Hi
Hi Carlos,
Hi Carlos,
Thanks for your patience and sorry for the delayed response.
I have tested the scenario using the following code snippet. I used Aspose.Pdf for Java 9.5.2 and tess4j_1_3_0 in an Eclipse Juno project running over Windows 7 (x64) with JDK 1.7. I am afraid to have encountered the following error message.
Java
Document doc = new Document("c:/pdftest/1704-01-2012-017-C003-025.pdf");
doc.convert(new Document.CallBackGetHocr() {
@Override
public String invoke(java.awt.image.BufferedImage bi) {
try {
Tesseract instance = Tesseract.getInstance(); // JNA Interface Mapping
instance.setHocr(true);
instance.setLanguage("spa");
String result = instance.doOCR(bi);
return result;
} catch (TesseractException ex) {
ex.printStackTrace();
}
return null;
}
});
doc.save("c:/pdftest/1704-01-2012-017-C003-025_ASPOSE_9_5_2.pdf");
StackTrace
Exception in thread "main" java.lang.UnsatisfiedLinkError: The specified module could not be found.
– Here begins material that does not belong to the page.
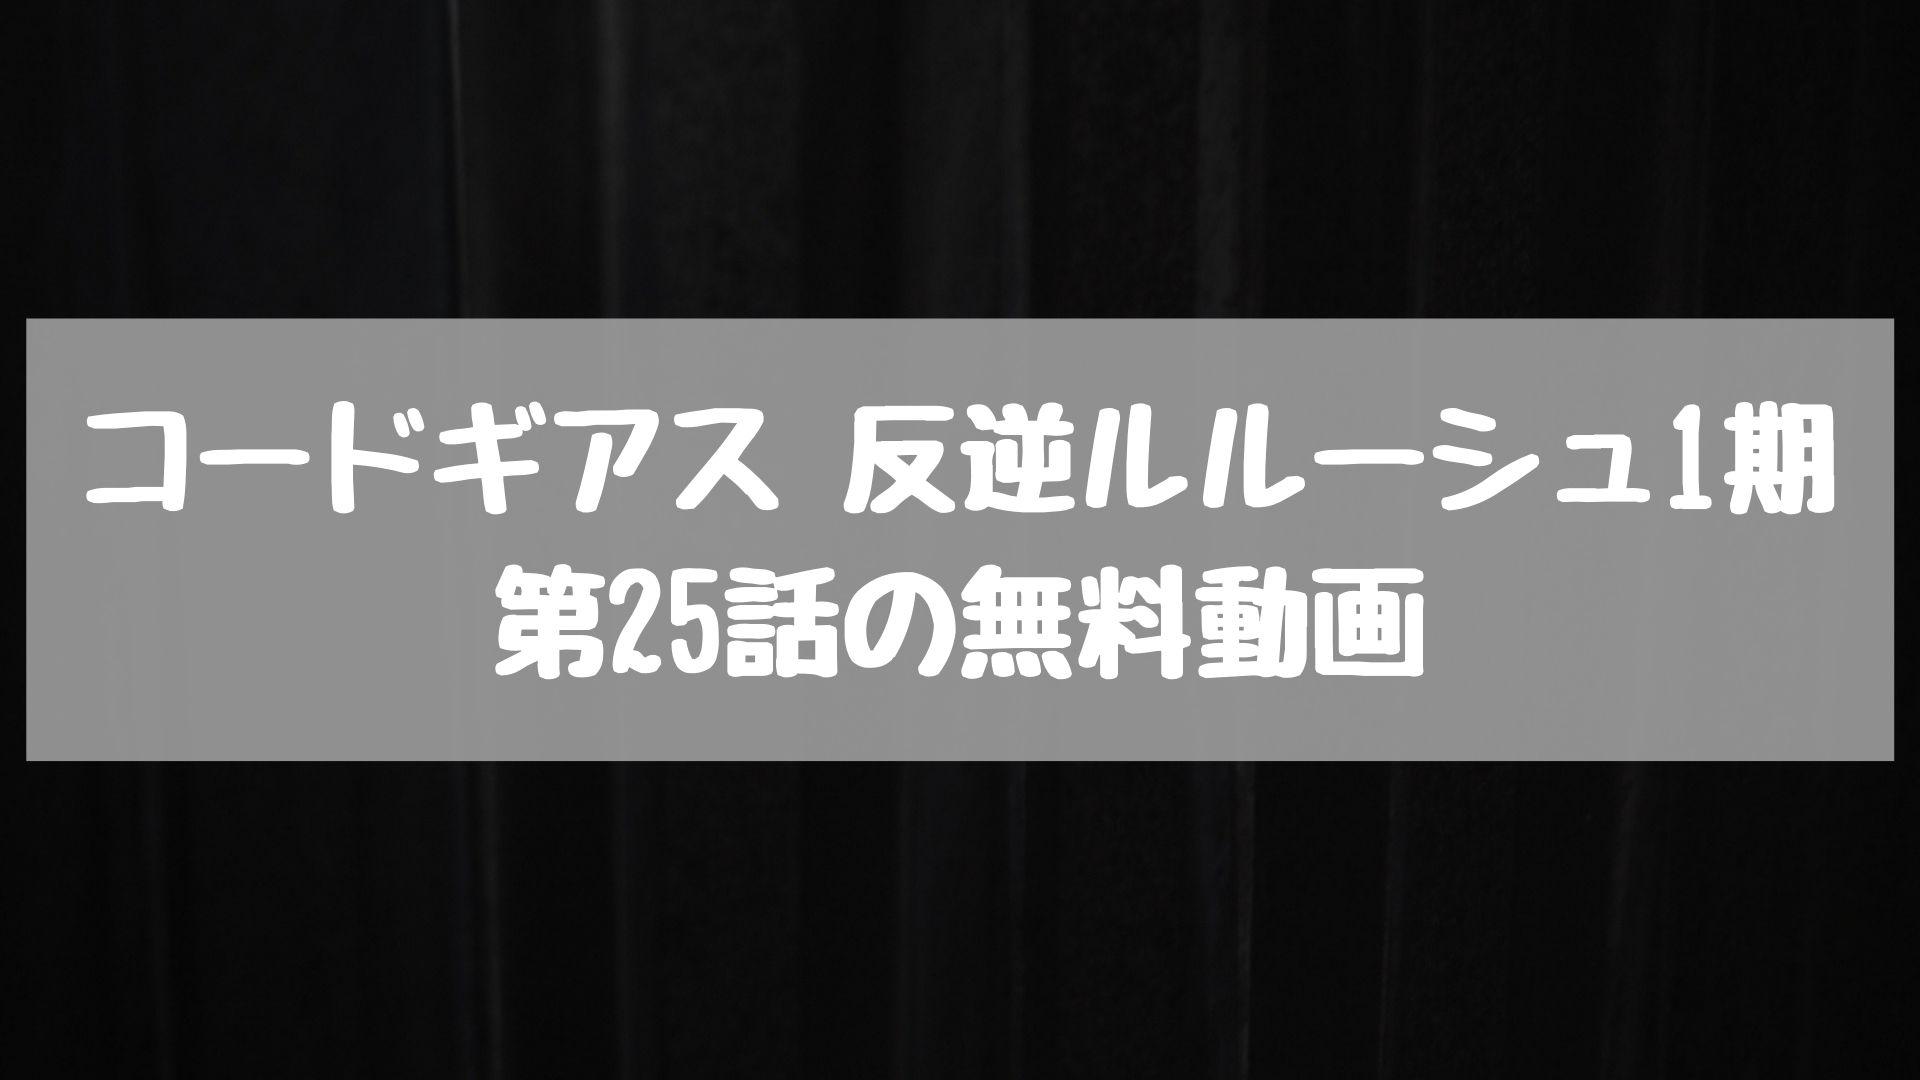 コードギアス 反逆ルルーシュ1期 第25話の無料動画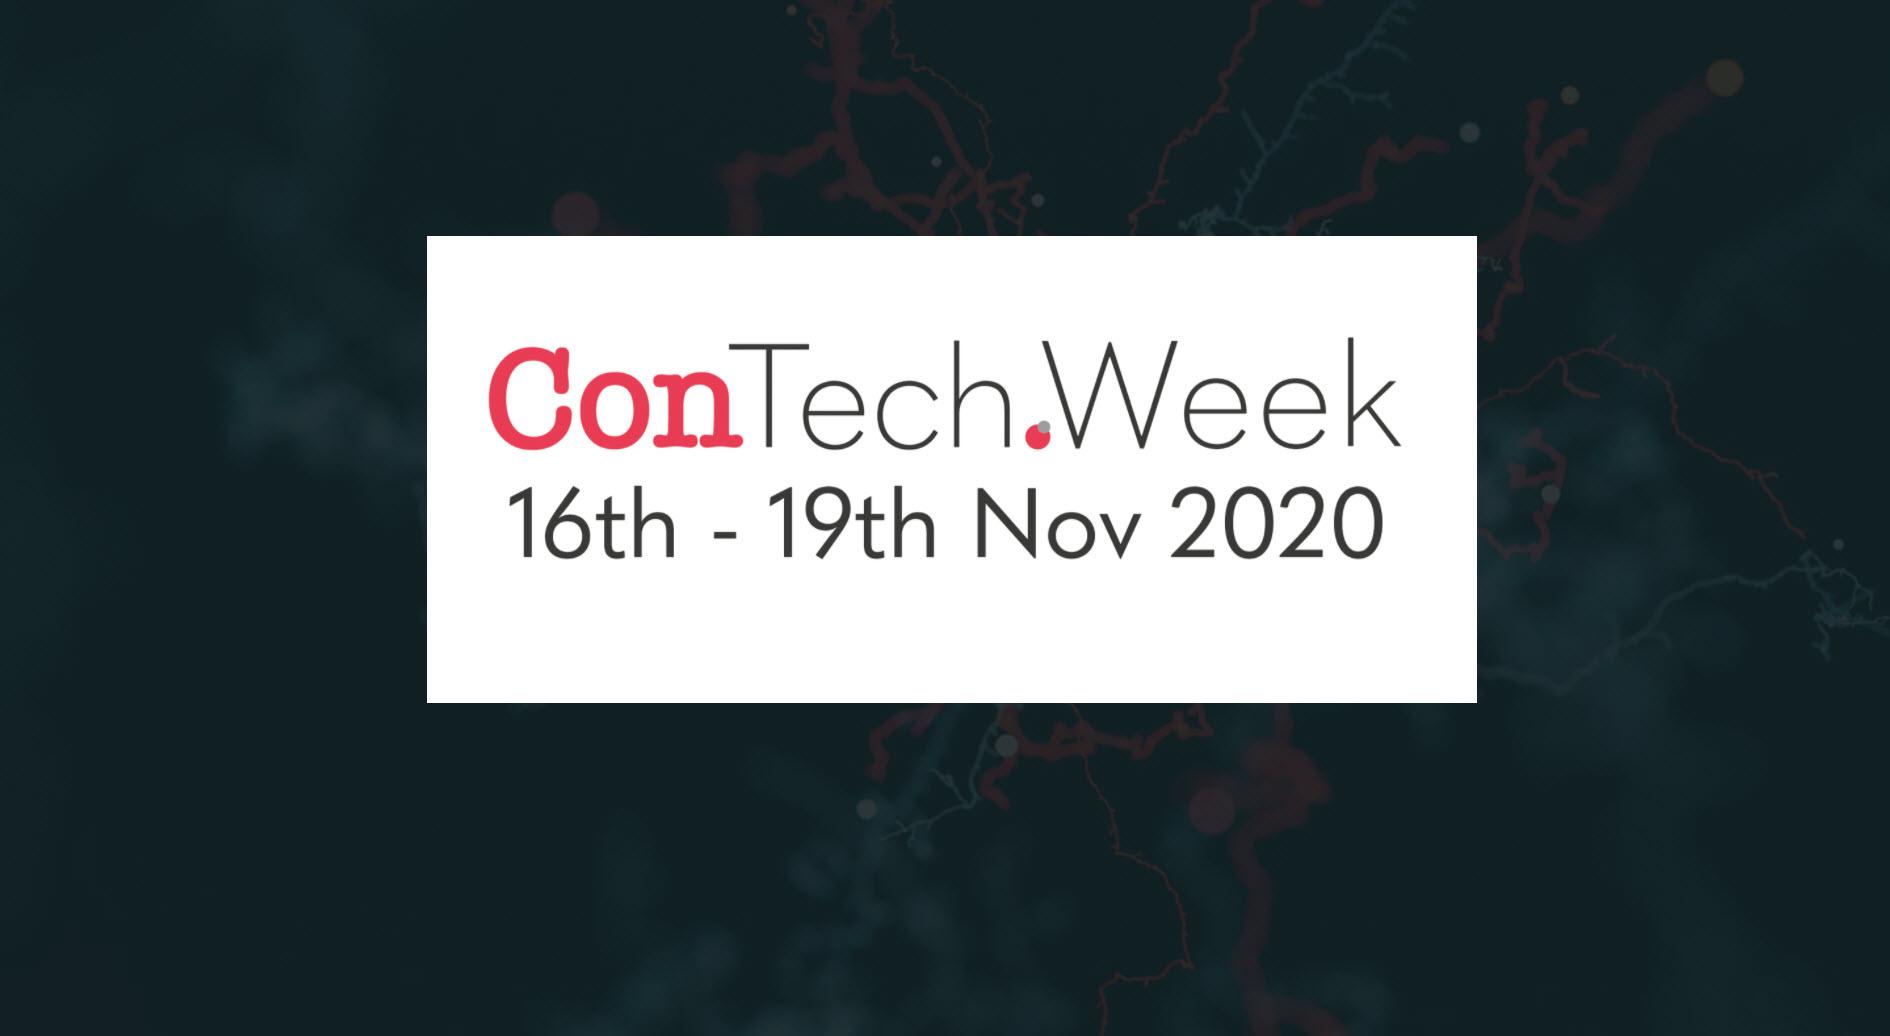 ConTech Week 2020

at com.sun.jna.Native.open(Native Method)
at com.sun.jna.Native.open(Native.java:1759)
at com.sun.jna.NativeLibrary.loadLibrary(NativeLibrary.java:260)
at com.sun.jna.NativeLibrary.getInstance(NativeLibrary.java:398)
at com.sun.jna.Library$Handler.(Library.java:147)
at com.sun.jna.Native.loadLibrary(Native.java:412)
at com.sun.jna.Native.loadLibrary(Native.java:391)
at net.sourceforge.tess4j.TessAPI.(TessAPI.java:45)
at net.sourceforge.tess4j.Tesseract.init(Tesseract.java:283)
at net.sourceforge.tess4j.Tesseract.doOCR(Tesseract.java:219)
at net.sourceforge.tess4j.Tesseract.doOCR(Tesseract.java:200)
at net.sourceforge.tess4j.Tesseract.doOCR(Tesseract.java:184)
at test$1.invoke(test.java:222)
at com.aspose.pdf.internal.p476.z19.m1(Unknown Source)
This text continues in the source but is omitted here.